What Is a Master Trust?
A master trust is a legal entity that holds assets for multiple trusts, pension plans, and other fiduciary investments. It is commonly used in the UK and Ireland as a pooled vehicle for managing investments and consolidating assets in one place to simplify investor’s financial management. Master trusts are easy to set up and relatively low-cost to manage, allowing investors to pool their assets and expense ratios.
Advantages of Investing in a Master Trust
Master trusts offer a range of advantages compared to traditional investments, particularly for those with relatively small amounts of money to invest. They can be easier to manage than more complex investments, with fewer paperwork and a simplified investment process.
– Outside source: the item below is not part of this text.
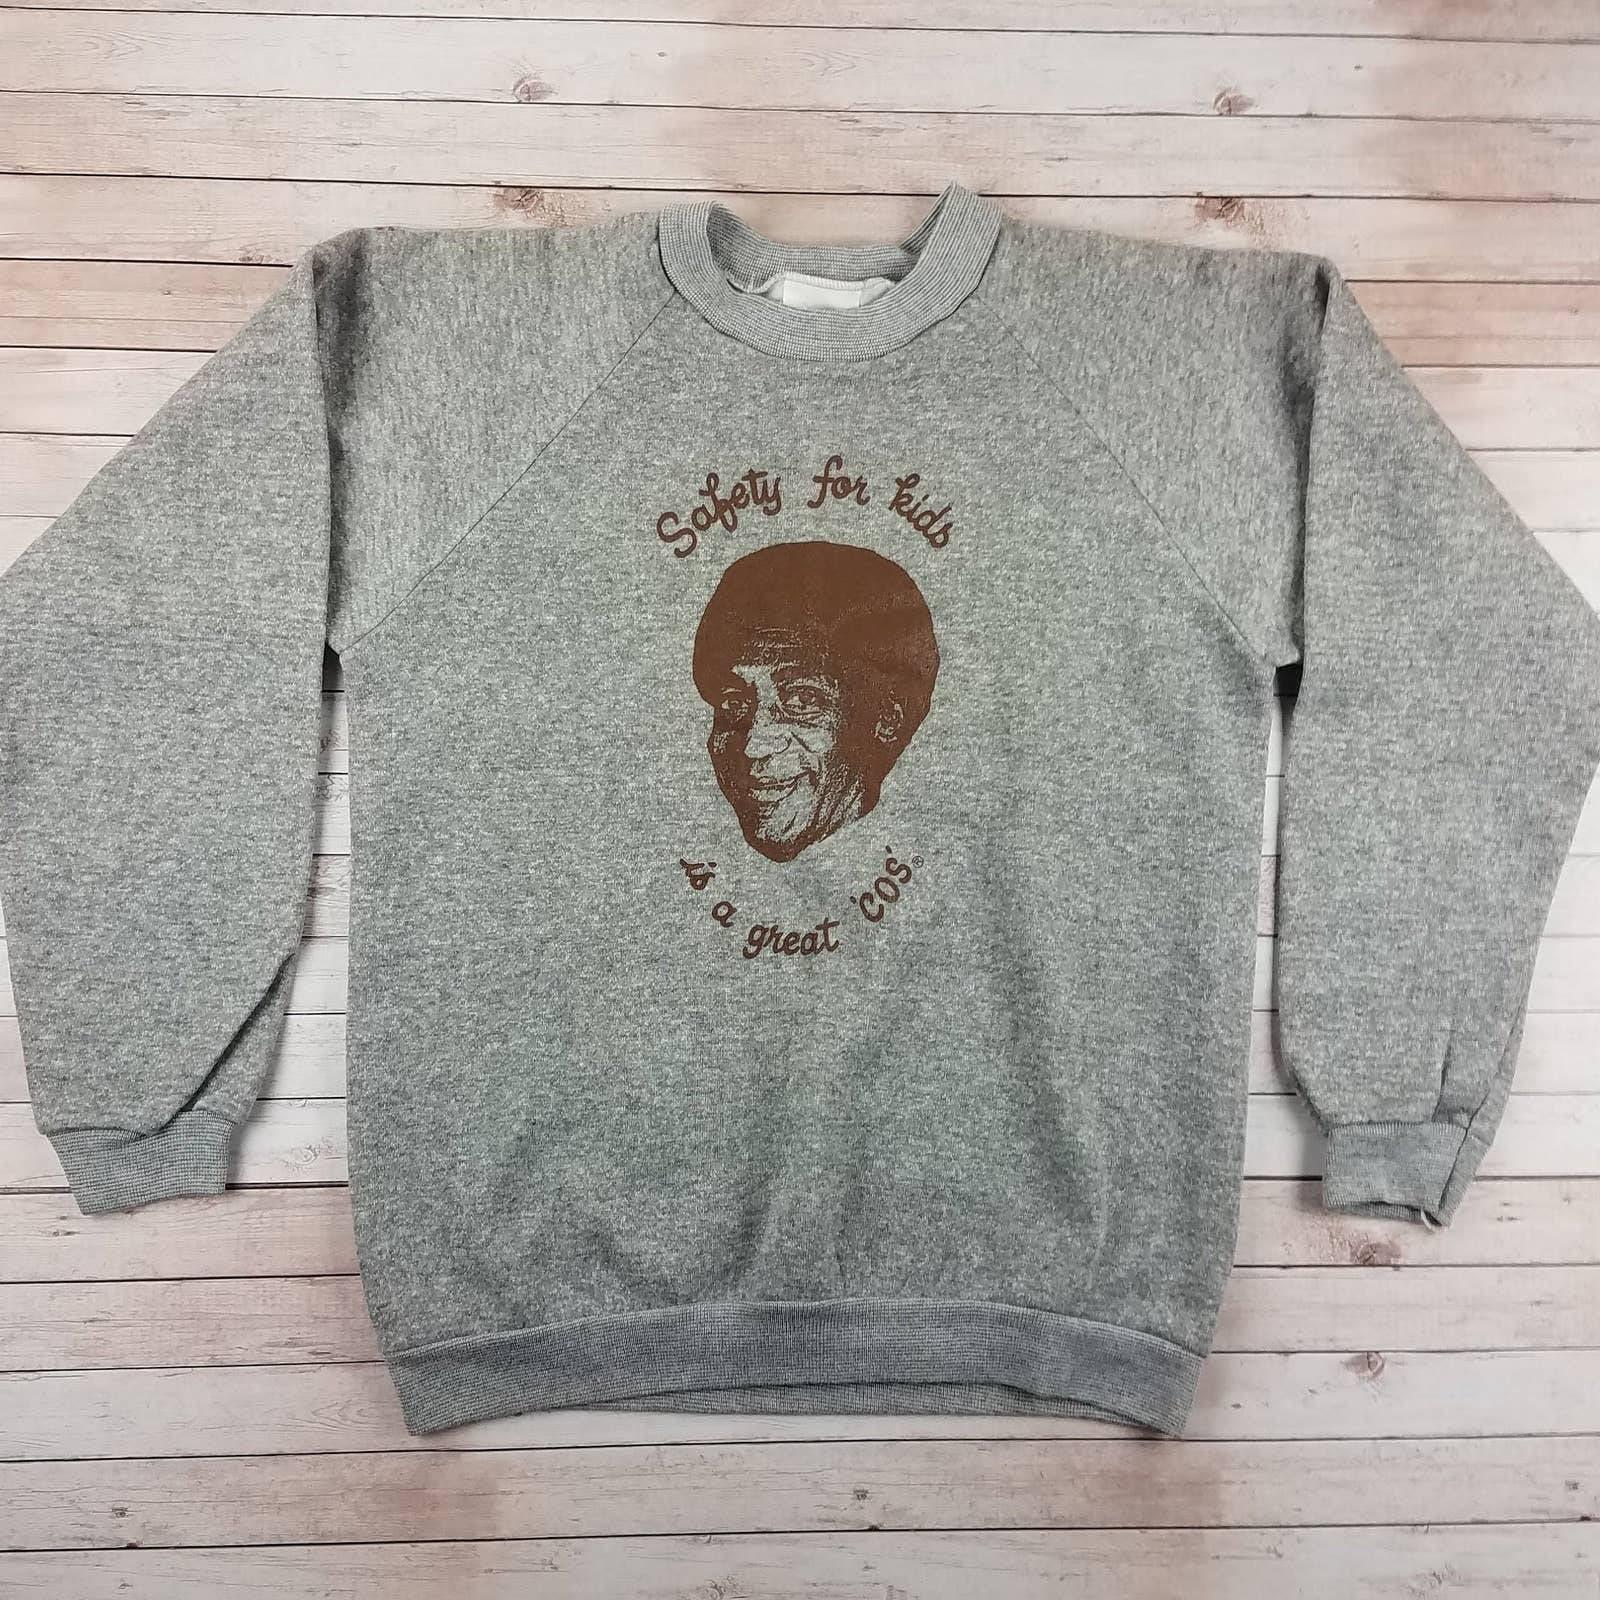 VTG 80s Bill Cosby Healthknit Sweatshirt

Plus, master trusts are often more tax-efficient than other options and offer better diversification compared to individual trusts.
Examples of Master Trusts
Examples of master trusts in the UK include Legal & General, Standard Life Investment MasterTrust and Royal London, while two of the largest in Ireland are the Irish Life and Zurich Momentum Master Trusts. All of these offer investors a range of investment options and benefits.
What You Need to Know About Master Trusts
When considering a master trust, investors should be aware of the fees involved and the associated risks. It is also important to carefully review the trust deed and other related documents, as the trustee may have powers to change the terms and structure of the trust during its lifetime. Investors should conduct thorough research into potential master trusts and ensure that any tax or legal advice is up to date.